High-Content Biopsies Facilitate Molecular Analyses and Do Not Increase Complication Rates in Patients With Advanced Solid Tumors

JCO Precis Oncol. 2017 Nov:1:1-9. doi: 10.1200/PO.17.00081.

Abstract

Purpose: Precision oncology relies on frequent pathologic, molecular, and genomic assessments of tumor tissue to guide treatment selection, evaluate pharmacodynamic effects of novel agents, and determine drug resistance mechanisms. Newer forms of analyses such as drug screens in cell lines and patient-derived xenografts demand increasing amounts of tissue material. It remains unknown how the need for serial biopsies with large numbers of tumor cores relates to tissue yields and biopsy complication rates.

Materials and methods: In this study, we performed a retrospective analysis of 199 focal liver biopsies performed in 143 patients in the setting of oncologic research protocols (research biopsy group) over a 4-year period at a single-intervention oncology service. Practice patterns and complication rates were compared with those related to 1,522 consecutive biopsies performed in 1,154 patients in whom two cores were obtained for standard clinical management of patients (standard biopsy).

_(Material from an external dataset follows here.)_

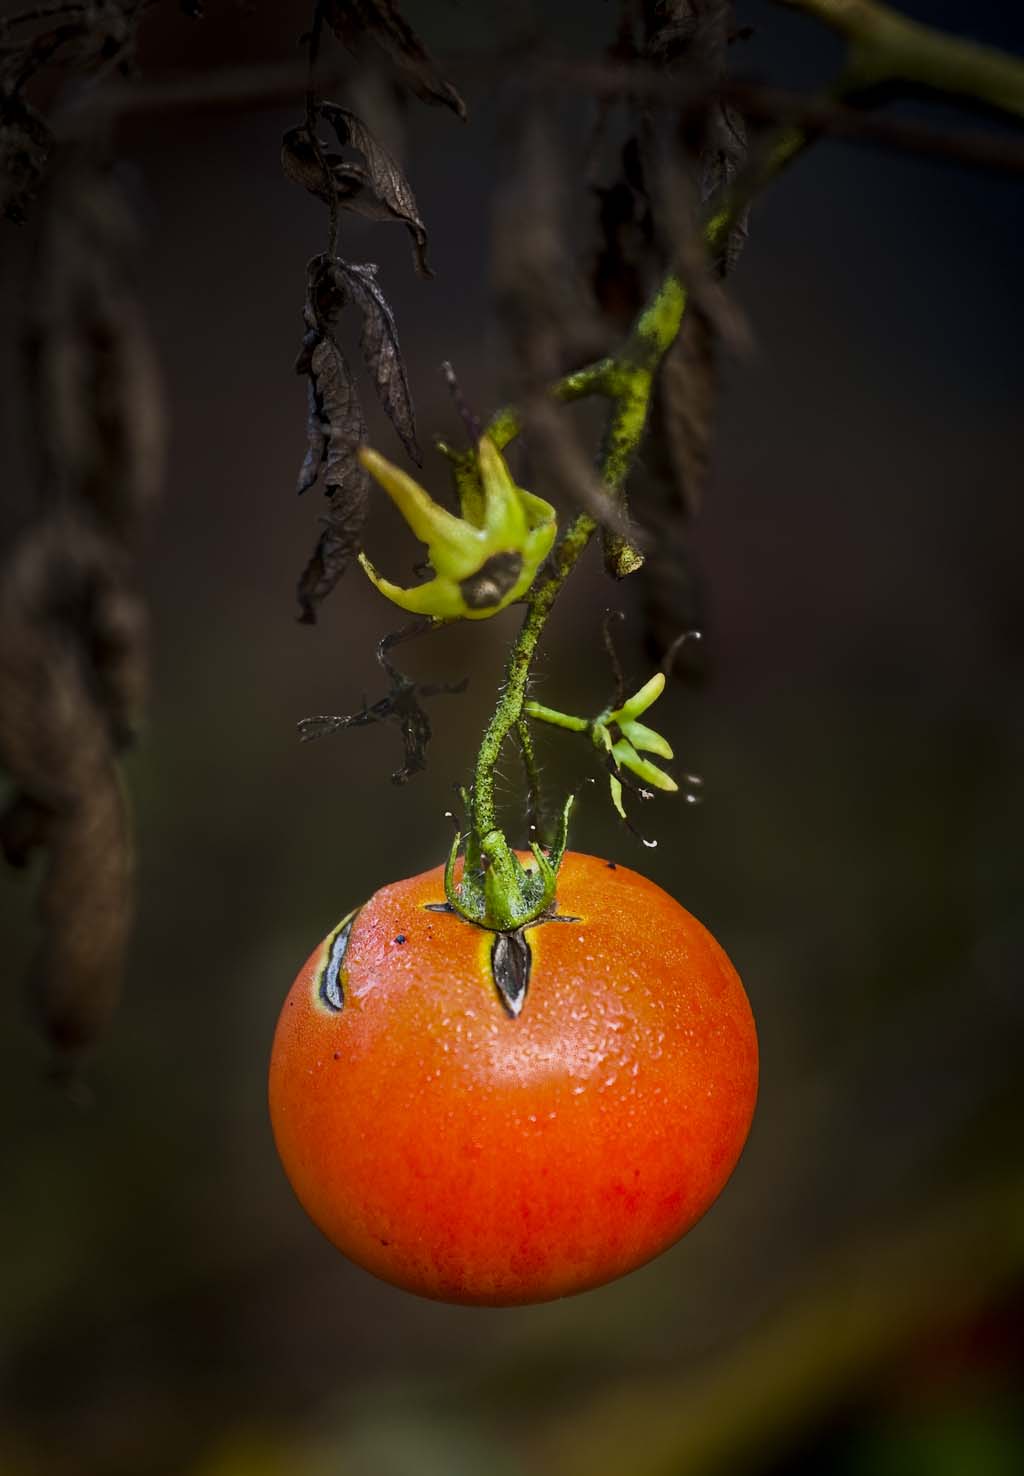 The last tomato

Results: In the research biopsy group, 1,100 tissue cores (average, 5.5 cores per procedure) were harvested and distributed to trial sponsors, internal research laboratories, and pathology services. The complication rate in this cohort was 0.5% for major complications (one of 199) and 1.0% for minor complications managed conservatively (two of 199). In the standard biopsy control group, major complications were observed in 1.4% of procedures (22 of 1,522) and minor complications in 0.2% (three of 1,522). These complication rates were not statistically different.

Conclusion: Harvesting extra tissue cores through coaxial needles during focal liver biopsies does not increase complication rates and yields valuable tissue for additional experimental testing.